To me sounds like you got a regular American Pit. I'm a bully breeder an have a Razor Edge pocket female. As short as she is she's bout 75-80lbs. From my understanding APBT's are around 55-70lbs and Razor is a bully line. I honestly wouldnt sweat it, reguardless enjoy what ya got. The only thing I would be worried bout concerning the bloodline is If there is a lot of close relation inbreeding which can lead to health issues.


----------



## Black Rabbit (Nov 14, 2009)

To the OP. I'm very sorry you were duped into thinking they were good breeders. A responsible, good, breeder would never mix breeds and then try to sell them as pure bred dogs with papers. Since the American Bully and the American pit bull terrier are in fact two separate breeds you actually have a mix bred dog. Now I'm not trying to insult you or your dog at all so please don't take it that way. I myself have owned some wonderful mixes and that doesn't mean they're any less special  as for your original question it's going to be a crap shoot since they was no purpose or though behind the breeding other than putting two dogs together. When you have a scatter bred litter like that the pups can take on charictoristics from grandparents, great grandparents, or even dogs further back in the line. However if you do decide to get the papers you can better see what your dog has behind him. 
As for the other comments about big dogs being slim and fit, take a look back through a few of my pic threads  D is 100% APBT. His ped consists of some Aligator/Turtlebuster, jeep and a little red boy. He stands over 20in and is 72lbs solid


----------



## strongmasseters (Feb 9, 2012)

ThaLadyPit said:


> I understand what you're saying about the dogs being obvious mutts. But what I don't understand is why would you want a submissive dog? I mean, my dogs are by no means submissive, but they respect the authority in my household, including my 2 yr old daughter. She can tell them "Kennel" and they go in their crate and wait for her to close the door. My boy in my signature is a definite mutt, but he's been easier to train than any other dog I've had, and I've spent no more time dong so than I would any of my other dogs. Usually people look for a dog with confidence; not overly cocky or submissive. Can you please enlighten me on why you would want a submissive dog? Please help me to understand.


Because an alpha god can be a problem dog. I have 8 Rottweillers. I want a submissive dog. A submissive dog is one that you (the owner)
have full faith and trust in, and are even able to pick him up off the ground, or let him off leash and know he will behave.



MoTenn said:


> To me sounds like you got a regular American Pit. I'm a bully breeder an have a Razor Edge pocket female. As short as she is she's bout 75-80lbs. From my understanding APBT's are around 55-70lbs and Razor is a bully line. I honestly wouldnt sweat it, reguardless enjoy what ya got. The only thing I would be worried bout concerning the bloodline is If there is a lot of close relation inbreeding which can lead to health issues.

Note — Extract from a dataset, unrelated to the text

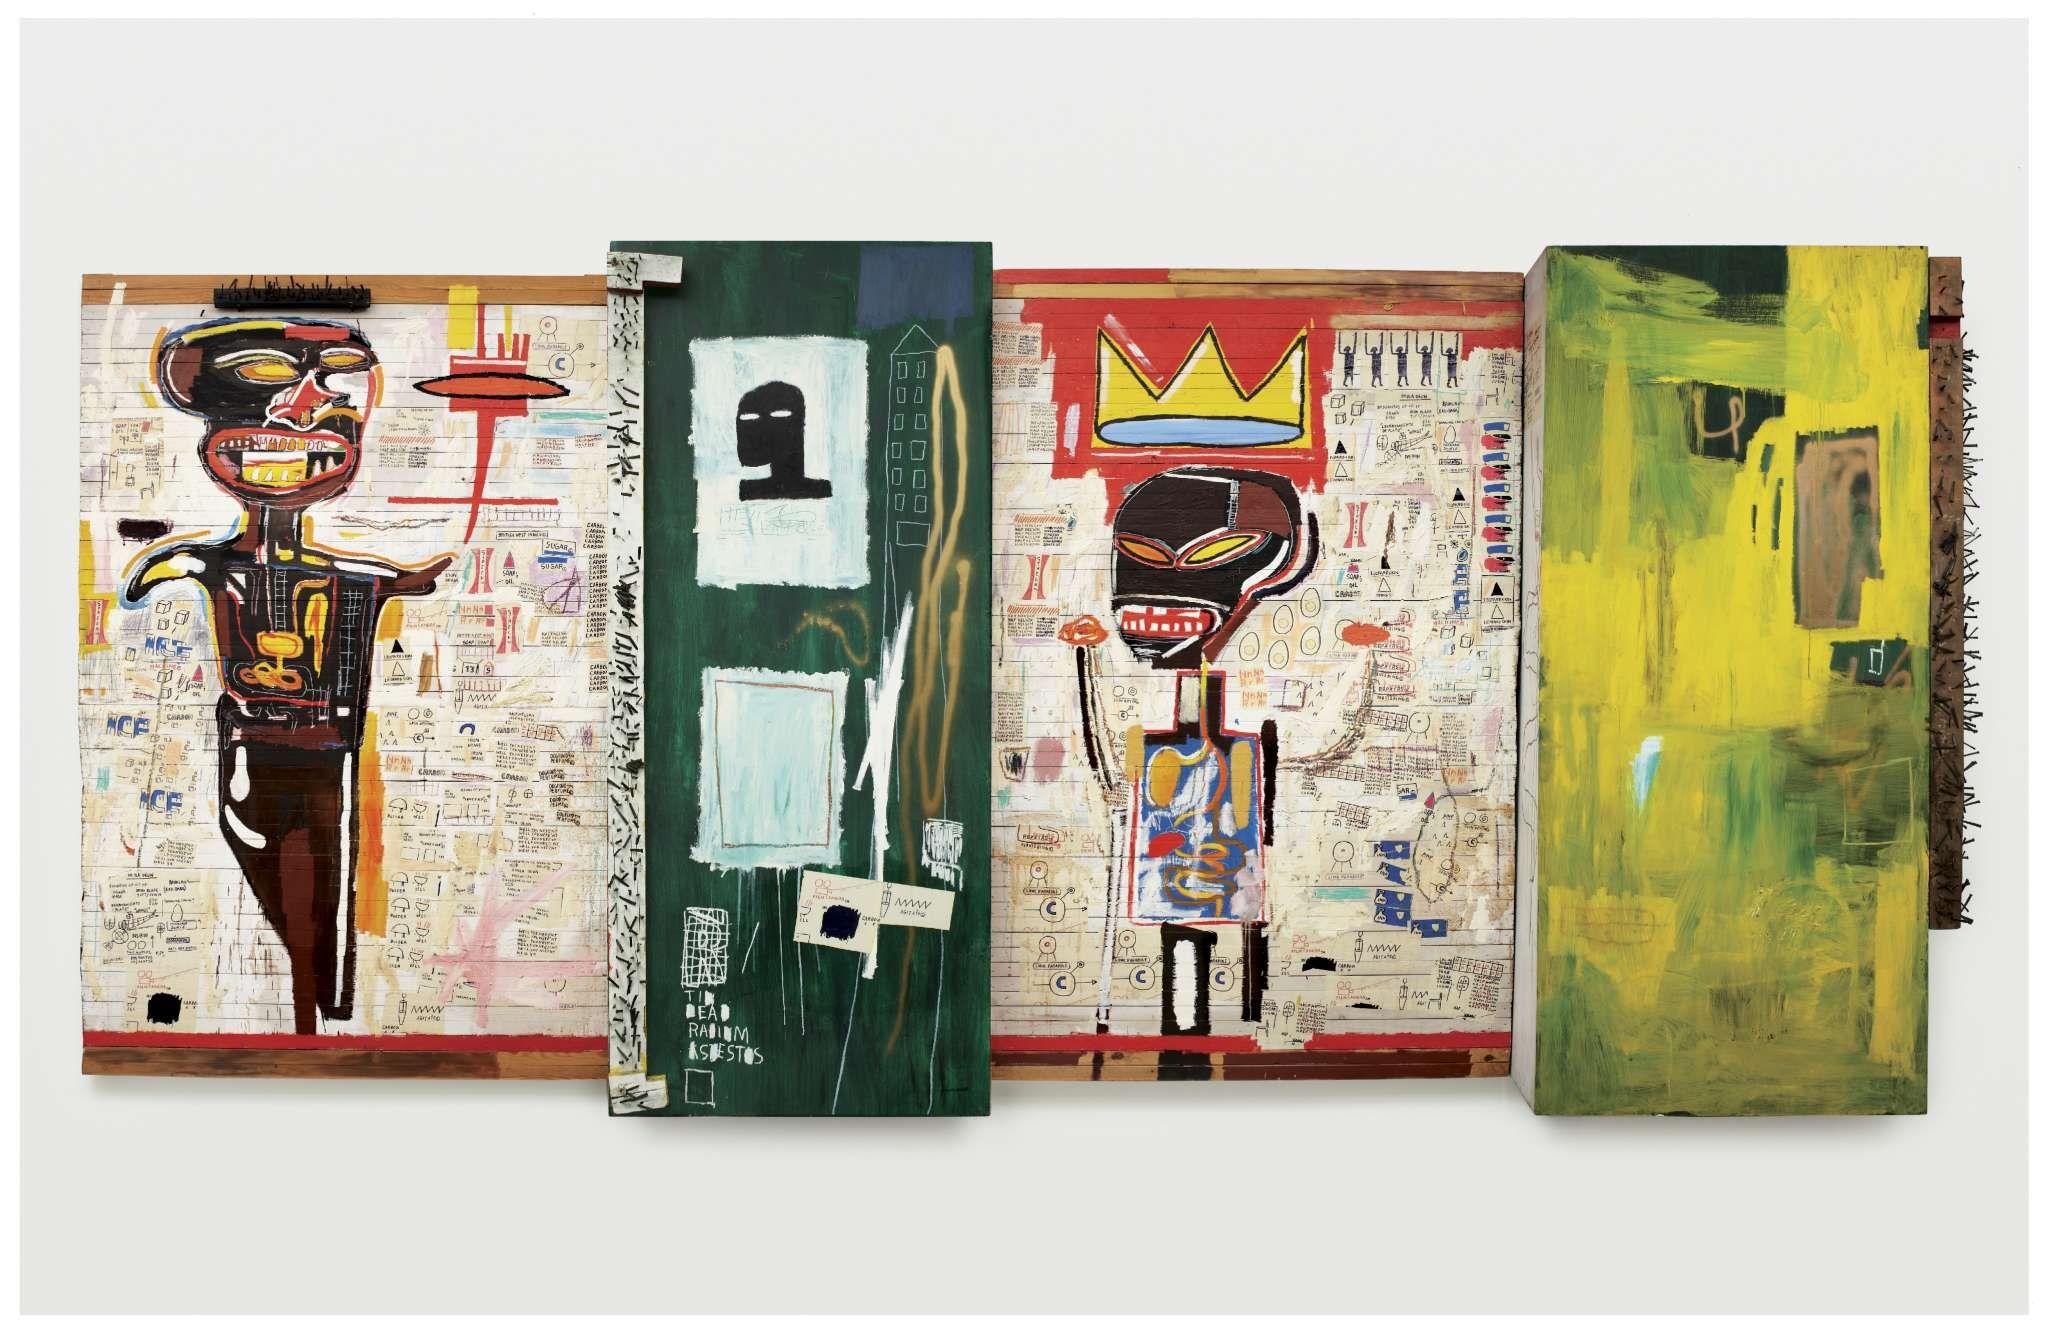 © Estate of Jean-Michel Basquiat Licensed by Artestar, New York © Fondation Louis Vuitton / Marc Domage

No I don't think he was inbred. The breeder is one of my dads neighbors and he cycles his 2 dams with 3 sires to achieve different types of looks.



kg420 said:


> To the OP. I'm very sorry you were duped into thinking they were good breeders. A responsible, good, breeder would never mix breeds and then try to sell them as pure bred dogs with papers. Since the American Bully and the American pit bull terrier are in fact two separate breeds you actually have a mix bred dog. Now I'm not trying to insult you or your dog at all so please don't take it that way. I myself have owned some wonderful mixes and that doesn't mean they're any less special  as for your original question it's going to be a crap shoot since they was no purpose or though behind the breeding other than putting two dogs together. When you have a scatter bred litter like that the pups can take on charictoristics from grandparents, great grandparents, or even dogs further back in the line. However if you do decide to get the papers you can better see what your dog has behind him.
> As for the other comments about big dogs being slim and fit, take a look back through a few of my pic threads  D is 100% APBT. His ped consists of some Aligator/Turtlebuster, jeep and a little red boy. He stands over 20in and is 72lbs solid


No I should just get his papers so everyone will stop talking about him being a mutt. Unless Razor's Edge pitbulls are mutts (I heard that they were mixed with Staffordshire terriers to build more size) then he is purebred. I know the breeder, you are presumptuously posting in this thread without reading all the other posts. I talk to the breeder on a daily basis. I also got ALL of my 8 Rottweilers from him. As well as my King Charles Spaniel from his sister. All of them with papers

So when this guy tells me I have a purebred, I am going to listen to him.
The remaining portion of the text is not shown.